Dataset content Start Marker

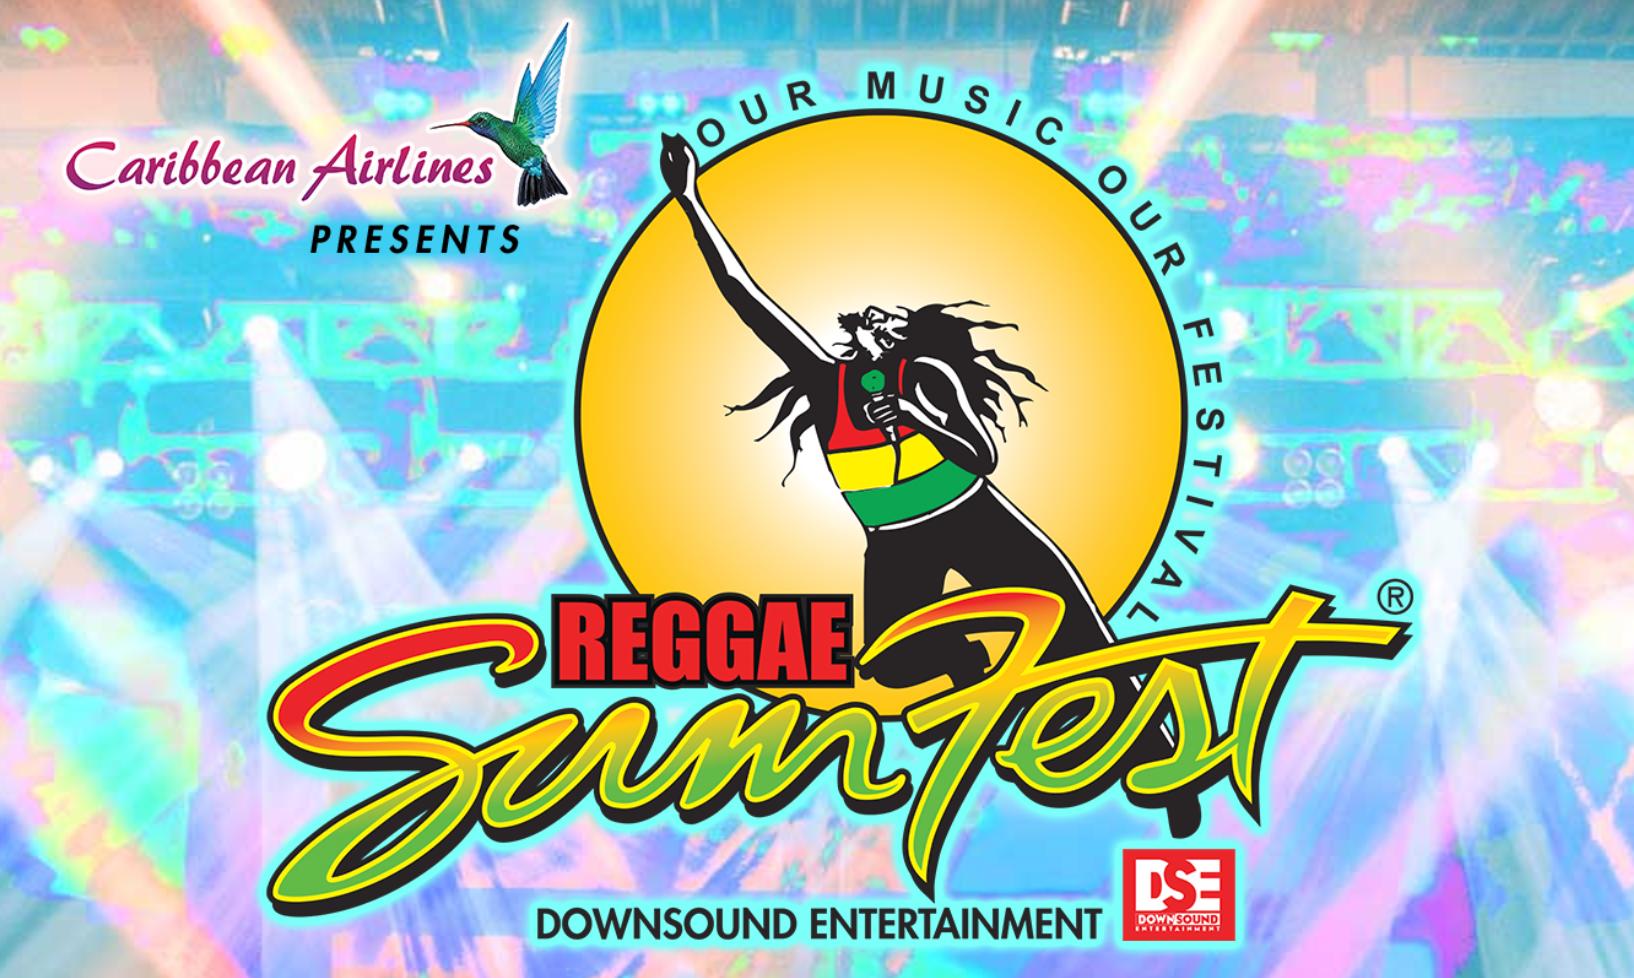 Reggae Sumfest 2019
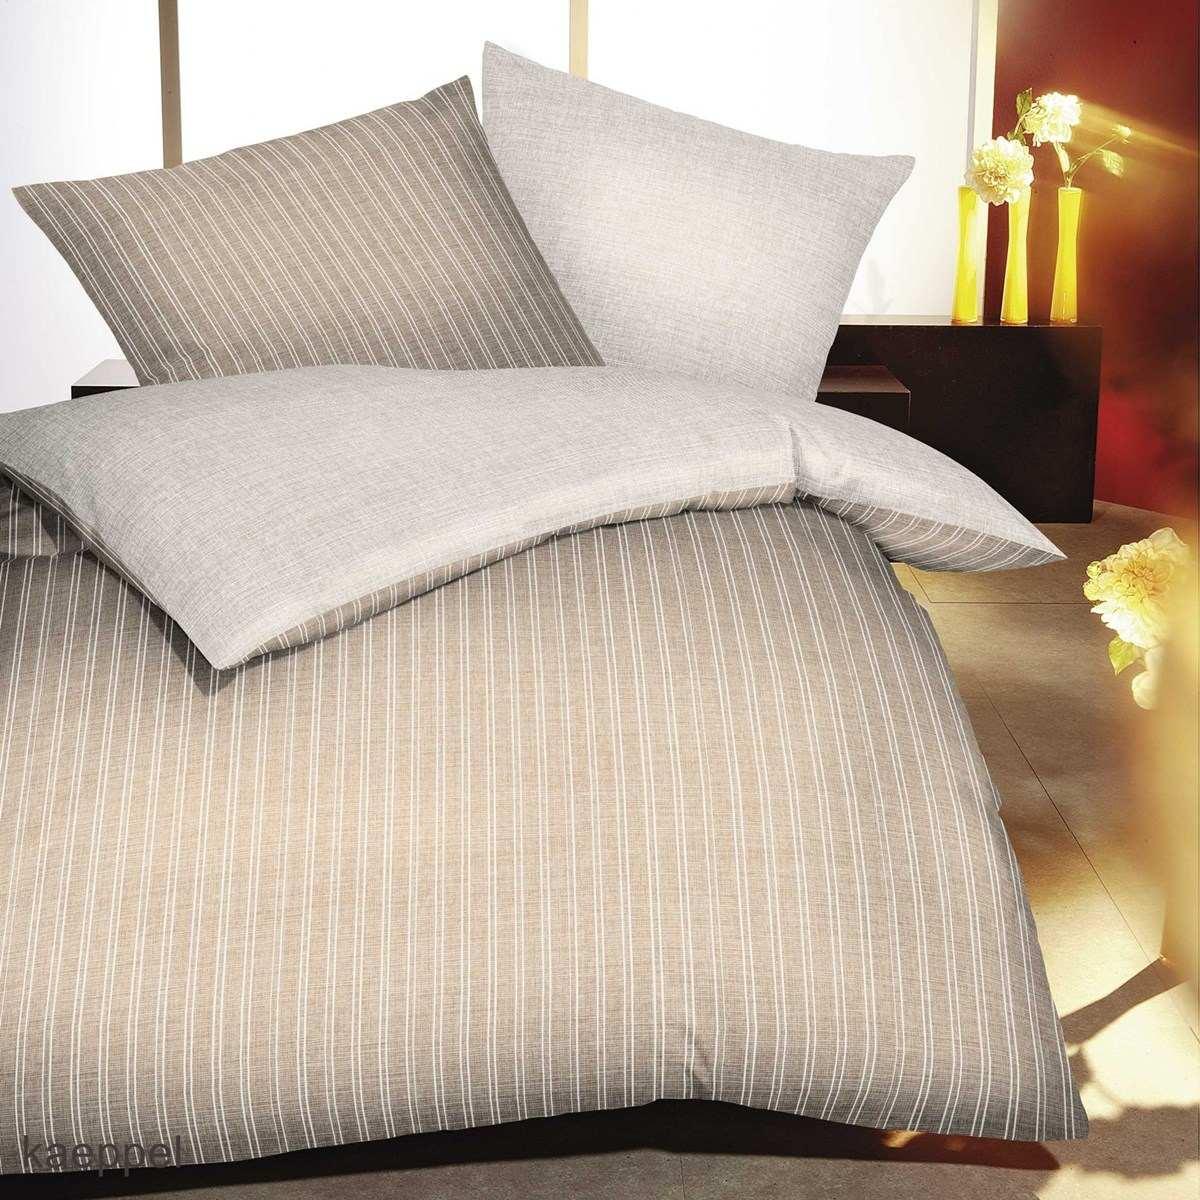 mako satin bettw sche essential natur creme g nstig kaufen. Black Bedroom Furniture Sets. Home Design Ideas
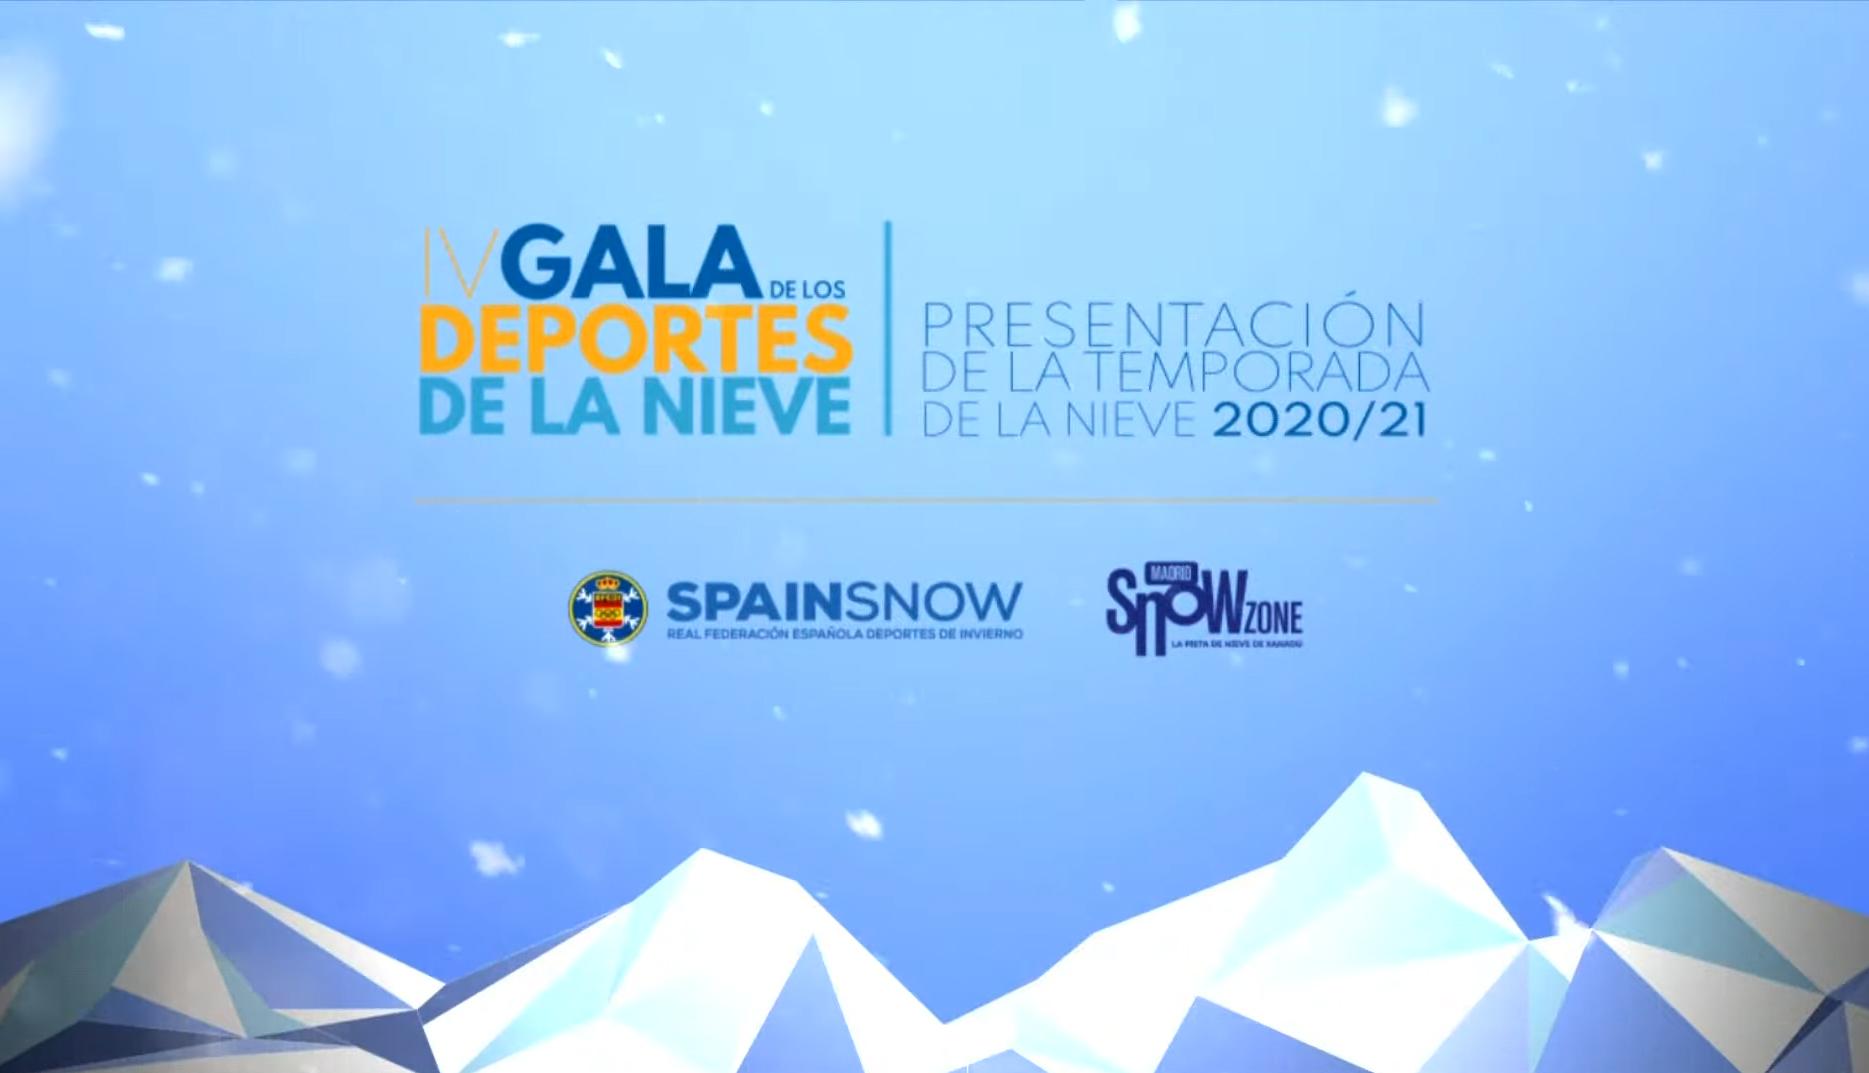 IV Gala de los Deportes de Nieve
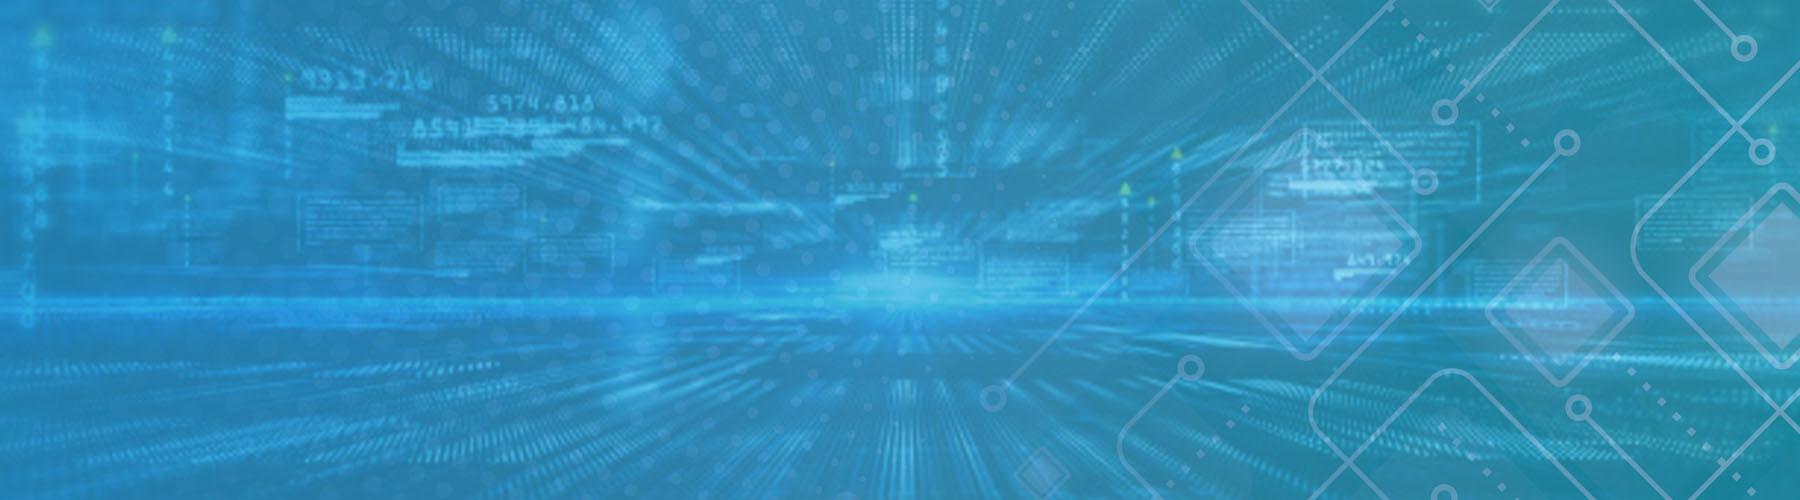 Sauvegarde données externalisée cloud stockage
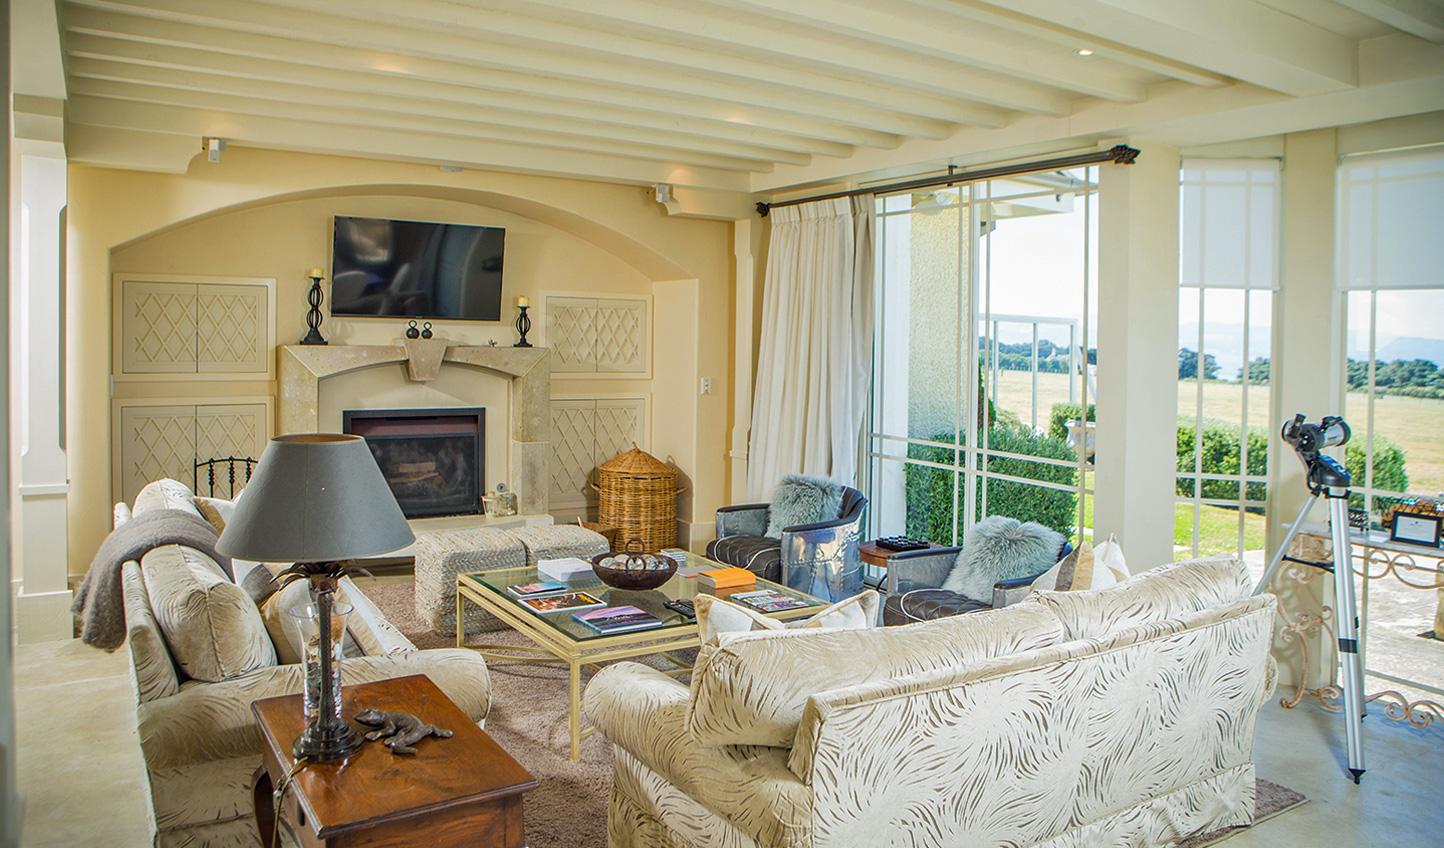 The warm cosy atmopshere throughout makes Wharekauhau Lodge feel like a home away from home
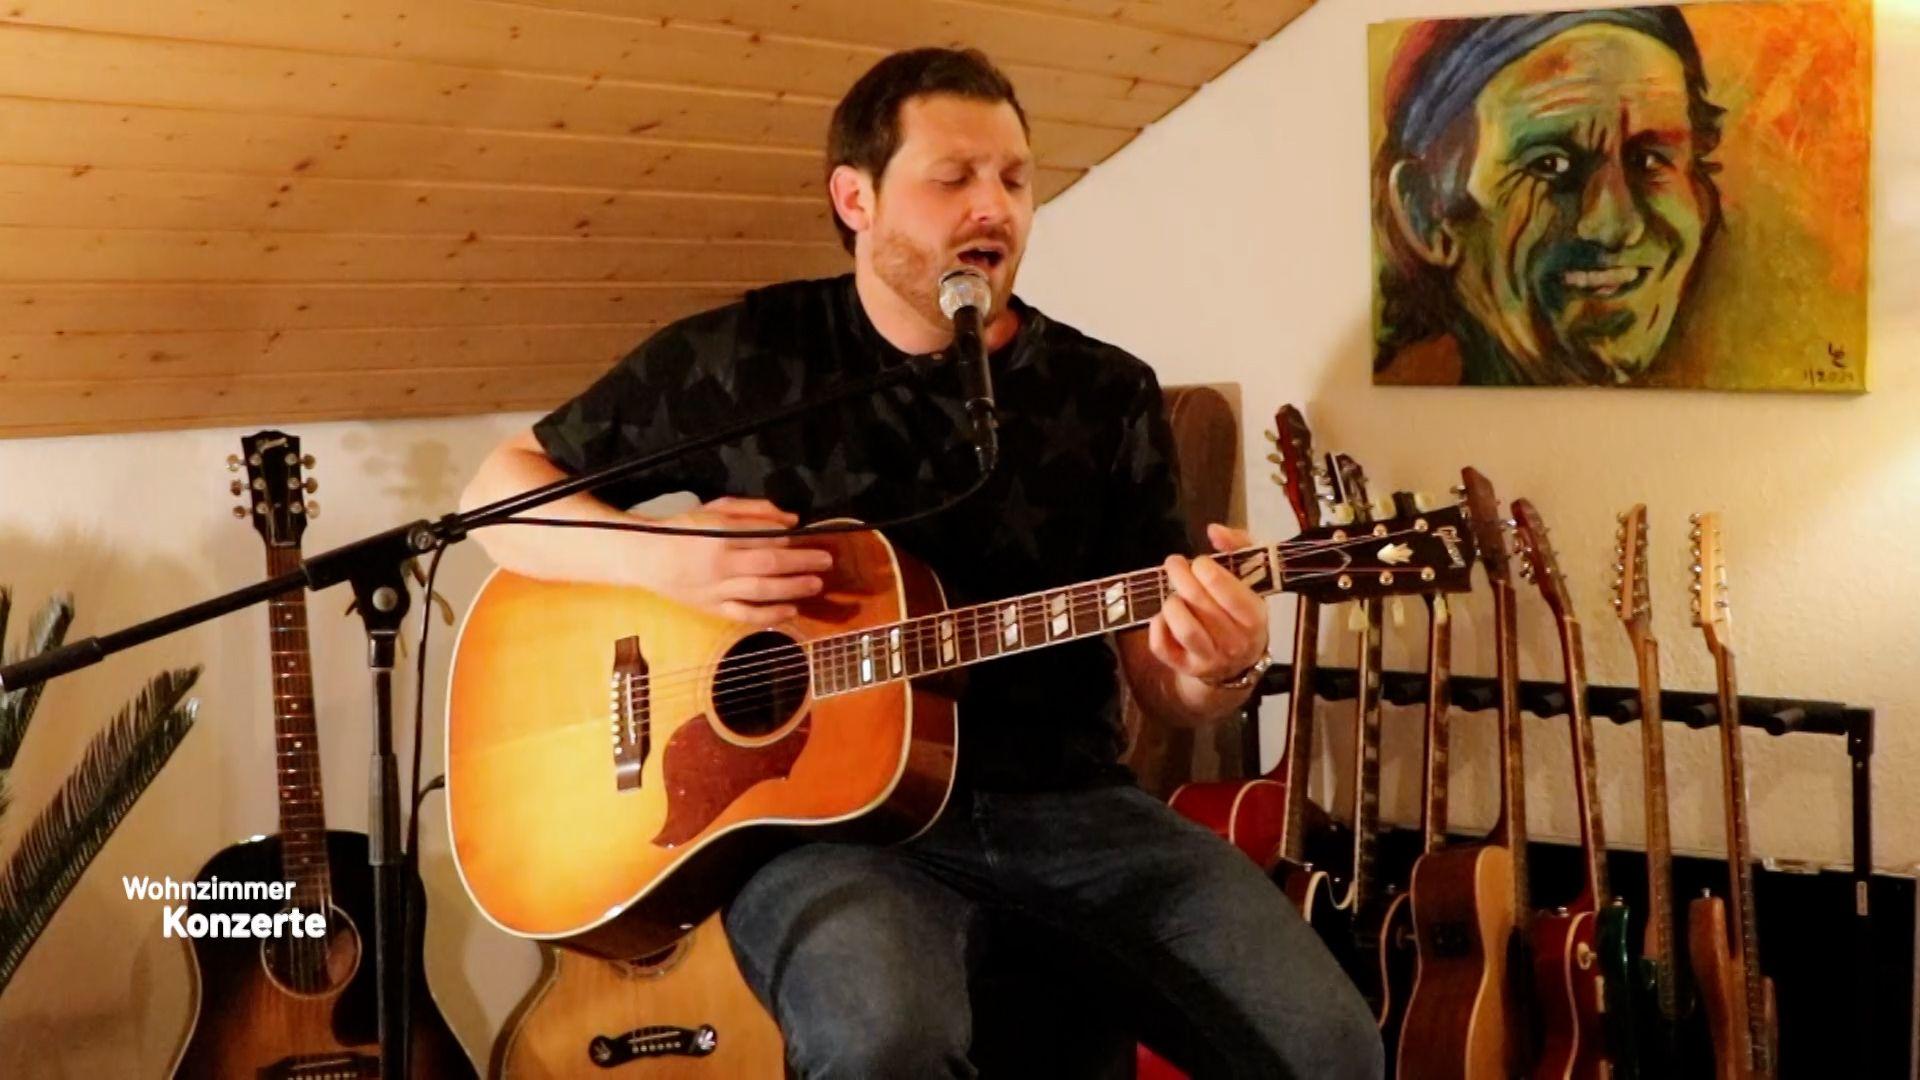 Zweites Konzert mit dem Popsänger Michael Eb aus Lauffen am Neckar

Dataset content End Marker

What is needed is an exact copy of every line from the one with "mako satin bettw" to the end of the listing above, with the pictures left out.

 mako satin bettw sche essential natur creme g nstig kaufen. Black Bedroom Furniture Sets. Home Design Ideas
 IV Gala de los Deportes de Nieve
 Sauvegarde données externalisée cloud stockage
 The warm cosy atmopshere throughout makes Wharekauhau Lodge feel like a home away from home
 Zweites Konzert mit dem Popsänger Michael Eb aus Lauffen am Neckar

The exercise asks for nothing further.